=== MATERIAL FOR THIS TASK ===
• • • • • • •

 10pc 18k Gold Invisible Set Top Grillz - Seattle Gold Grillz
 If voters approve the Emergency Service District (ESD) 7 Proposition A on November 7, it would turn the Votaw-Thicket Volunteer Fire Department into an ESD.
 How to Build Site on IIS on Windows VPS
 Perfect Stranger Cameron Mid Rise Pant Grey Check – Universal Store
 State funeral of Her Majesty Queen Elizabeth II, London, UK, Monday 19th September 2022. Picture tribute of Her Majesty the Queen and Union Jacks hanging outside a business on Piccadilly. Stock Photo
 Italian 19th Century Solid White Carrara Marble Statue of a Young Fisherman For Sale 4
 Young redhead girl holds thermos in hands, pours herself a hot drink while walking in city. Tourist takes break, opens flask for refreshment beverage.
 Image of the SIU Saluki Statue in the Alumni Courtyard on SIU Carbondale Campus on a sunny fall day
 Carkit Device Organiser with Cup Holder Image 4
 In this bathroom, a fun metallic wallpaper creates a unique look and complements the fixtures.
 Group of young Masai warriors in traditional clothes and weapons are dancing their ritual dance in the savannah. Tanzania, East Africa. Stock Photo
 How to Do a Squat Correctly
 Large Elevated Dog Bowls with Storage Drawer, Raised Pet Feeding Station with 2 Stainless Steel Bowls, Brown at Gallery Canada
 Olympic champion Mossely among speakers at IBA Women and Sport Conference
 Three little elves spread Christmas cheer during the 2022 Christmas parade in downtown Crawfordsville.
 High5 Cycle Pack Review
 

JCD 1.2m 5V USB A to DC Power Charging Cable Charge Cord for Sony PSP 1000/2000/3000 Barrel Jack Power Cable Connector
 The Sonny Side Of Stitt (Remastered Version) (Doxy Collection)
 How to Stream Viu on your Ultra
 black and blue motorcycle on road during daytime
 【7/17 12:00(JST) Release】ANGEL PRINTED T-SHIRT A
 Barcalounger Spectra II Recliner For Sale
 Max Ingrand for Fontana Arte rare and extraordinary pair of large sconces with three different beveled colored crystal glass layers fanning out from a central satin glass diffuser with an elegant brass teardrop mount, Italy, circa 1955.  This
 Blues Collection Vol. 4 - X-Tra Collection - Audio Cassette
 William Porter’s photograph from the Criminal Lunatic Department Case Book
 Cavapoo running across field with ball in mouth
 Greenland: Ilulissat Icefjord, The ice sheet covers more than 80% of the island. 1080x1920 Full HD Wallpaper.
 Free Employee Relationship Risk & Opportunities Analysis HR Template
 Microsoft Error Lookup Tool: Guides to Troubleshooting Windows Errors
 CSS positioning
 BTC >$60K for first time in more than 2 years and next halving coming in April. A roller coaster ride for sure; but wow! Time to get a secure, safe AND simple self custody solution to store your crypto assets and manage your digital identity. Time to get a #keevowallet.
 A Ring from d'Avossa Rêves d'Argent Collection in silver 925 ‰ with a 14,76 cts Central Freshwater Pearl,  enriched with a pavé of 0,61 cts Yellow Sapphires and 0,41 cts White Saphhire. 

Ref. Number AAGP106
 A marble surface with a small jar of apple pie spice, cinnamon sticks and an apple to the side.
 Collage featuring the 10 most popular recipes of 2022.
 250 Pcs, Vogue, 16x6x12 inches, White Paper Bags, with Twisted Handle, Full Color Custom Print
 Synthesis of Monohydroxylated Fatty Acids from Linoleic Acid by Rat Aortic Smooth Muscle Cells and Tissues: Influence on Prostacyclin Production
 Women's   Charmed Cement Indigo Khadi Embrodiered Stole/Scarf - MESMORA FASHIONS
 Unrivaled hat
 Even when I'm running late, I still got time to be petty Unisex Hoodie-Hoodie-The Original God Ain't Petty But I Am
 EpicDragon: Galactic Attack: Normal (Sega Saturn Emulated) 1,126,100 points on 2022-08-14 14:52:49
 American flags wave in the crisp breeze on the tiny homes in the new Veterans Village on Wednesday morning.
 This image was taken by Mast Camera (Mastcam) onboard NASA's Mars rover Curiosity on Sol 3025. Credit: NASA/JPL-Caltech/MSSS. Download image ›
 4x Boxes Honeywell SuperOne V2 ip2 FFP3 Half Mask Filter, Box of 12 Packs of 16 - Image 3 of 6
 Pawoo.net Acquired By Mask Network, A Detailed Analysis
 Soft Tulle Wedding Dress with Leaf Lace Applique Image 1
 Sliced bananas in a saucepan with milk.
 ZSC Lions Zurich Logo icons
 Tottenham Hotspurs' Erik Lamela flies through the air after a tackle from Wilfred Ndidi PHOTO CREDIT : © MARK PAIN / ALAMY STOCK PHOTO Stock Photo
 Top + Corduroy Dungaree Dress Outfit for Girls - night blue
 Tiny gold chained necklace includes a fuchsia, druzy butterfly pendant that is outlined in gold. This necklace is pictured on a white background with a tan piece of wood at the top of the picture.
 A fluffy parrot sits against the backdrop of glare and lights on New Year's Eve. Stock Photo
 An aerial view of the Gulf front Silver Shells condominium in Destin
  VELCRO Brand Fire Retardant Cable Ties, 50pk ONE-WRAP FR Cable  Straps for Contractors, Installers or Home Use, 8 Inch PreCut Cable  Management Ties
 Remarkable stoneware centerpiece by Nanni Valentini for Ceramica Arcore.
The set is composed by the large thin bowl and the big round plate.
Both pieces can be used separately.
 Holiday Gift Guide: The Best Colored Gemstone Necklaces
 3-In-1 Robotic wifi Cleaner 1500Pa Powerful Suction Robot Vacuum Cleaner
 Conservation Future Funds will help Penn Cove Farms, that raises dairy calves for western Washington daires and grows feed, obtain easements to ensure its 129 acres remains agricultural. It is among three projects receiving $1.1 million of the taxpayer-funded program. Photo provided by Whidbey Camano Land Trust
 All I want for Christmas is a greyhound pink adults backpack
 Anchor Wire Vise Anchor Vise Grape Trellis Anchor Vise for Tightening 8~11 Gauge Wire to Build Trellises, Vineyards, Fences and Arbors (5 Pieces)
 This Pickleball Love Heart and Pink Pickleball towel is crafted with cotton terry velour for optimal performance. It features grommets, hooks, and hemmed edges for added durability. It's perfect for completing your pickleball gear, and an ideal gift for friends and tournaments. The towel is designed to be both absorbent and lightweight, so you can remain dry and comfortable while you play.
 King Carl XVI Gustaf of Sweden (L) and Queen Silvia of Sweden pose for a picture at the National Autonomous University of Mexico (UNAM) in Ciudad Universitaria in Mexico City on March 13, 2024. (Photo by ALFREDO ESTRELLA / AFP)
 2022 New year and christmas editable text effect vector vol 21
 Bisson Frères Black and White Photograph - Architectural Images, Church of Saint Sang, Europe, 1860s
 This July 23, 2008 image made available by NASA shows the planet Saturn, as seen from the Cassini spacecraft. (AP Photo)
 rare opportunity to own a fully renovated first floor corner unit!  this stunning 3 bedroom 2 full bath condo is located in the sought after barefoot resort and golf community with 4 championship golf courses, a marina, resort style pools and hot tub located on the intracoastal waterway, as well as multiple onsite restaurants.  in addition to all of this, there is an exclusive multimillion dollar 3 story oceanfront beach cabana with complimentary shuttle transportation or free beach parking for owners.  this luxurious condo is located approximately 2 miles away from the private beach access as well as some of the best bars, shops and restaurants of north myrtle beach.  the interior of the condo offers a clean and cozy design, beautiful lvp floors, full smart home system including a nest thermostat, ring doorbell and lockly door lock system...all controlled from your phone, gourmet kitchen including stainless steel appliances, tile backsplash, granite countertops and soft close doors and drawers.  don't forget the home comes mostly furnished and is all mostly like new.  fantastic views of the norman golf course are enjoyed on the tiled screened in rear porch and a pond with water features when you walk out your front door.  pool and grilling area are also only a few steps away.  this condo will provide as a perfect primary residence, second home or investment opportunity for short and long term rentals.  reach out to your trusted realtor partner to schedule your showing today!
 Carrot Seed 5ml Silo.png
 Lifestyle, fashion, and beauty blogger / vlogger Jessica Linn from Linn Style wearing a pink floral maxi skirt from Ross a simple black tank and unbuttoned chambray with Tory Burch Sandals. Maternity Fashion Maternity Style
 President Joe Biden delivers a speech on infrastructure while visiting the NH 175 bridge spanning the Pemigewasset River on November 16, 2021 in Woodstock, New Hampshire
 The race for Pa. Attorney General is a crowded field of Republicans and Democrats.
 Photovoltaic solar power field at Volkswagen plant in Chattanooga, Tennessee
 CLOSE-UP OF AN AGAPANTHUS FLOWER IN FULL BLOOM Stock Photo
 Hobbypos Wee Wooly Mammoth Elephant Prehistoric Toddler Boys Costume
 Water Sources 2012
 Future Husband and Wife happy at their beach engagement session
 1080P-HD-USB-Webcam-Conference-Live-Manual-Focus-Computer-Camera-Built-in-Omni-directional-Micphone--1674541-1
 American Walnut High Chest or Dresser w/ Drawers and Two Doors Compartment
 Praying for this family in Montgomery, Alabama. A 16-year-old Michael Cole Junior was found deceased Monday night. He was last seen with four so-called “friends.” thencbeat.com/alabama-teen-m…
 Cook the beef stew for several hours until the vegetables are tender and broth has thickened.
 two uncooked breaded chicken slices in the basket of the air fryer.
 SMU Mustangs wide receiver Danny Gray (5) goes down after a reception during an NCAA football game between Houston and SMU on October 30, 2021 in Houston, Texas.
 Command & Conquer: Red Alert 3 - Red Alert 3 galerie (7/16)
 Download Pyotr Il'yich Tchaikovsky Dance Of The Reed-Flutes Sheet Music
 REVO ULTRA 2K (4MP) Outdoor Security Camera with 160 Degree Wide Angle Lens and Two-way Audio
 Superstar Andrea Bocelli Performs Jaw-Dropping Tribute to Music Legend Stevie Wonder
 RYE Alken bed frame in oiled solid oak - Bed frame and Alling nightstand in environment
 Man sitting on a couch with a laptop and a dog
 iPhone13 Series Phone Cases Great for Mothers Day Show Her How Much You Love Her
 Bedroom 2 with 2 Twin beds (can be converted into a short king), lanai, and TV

• • • • • • •

=== WORK REQUIRED ===
Your response should be the lines above from the first to the one containing "Perfect Stranger Cameron", inclusive, each given exactly.

=== SOLUTION TO THIS EXERCISE ===
 10pc 18k Gold Invisible Set Top Grillz - Seattle Gold Grillz
 If voters approve the Emergency Service District (ESD) 7 Proposition A on November 7, it would turn the Votaw-Thicket Volunteer Fire Department into an ESD.
 How to Build Site on IIS on Windows VPS
 Perfect Stranger Cameron Mid Rise Pant Grey Check – Universal Store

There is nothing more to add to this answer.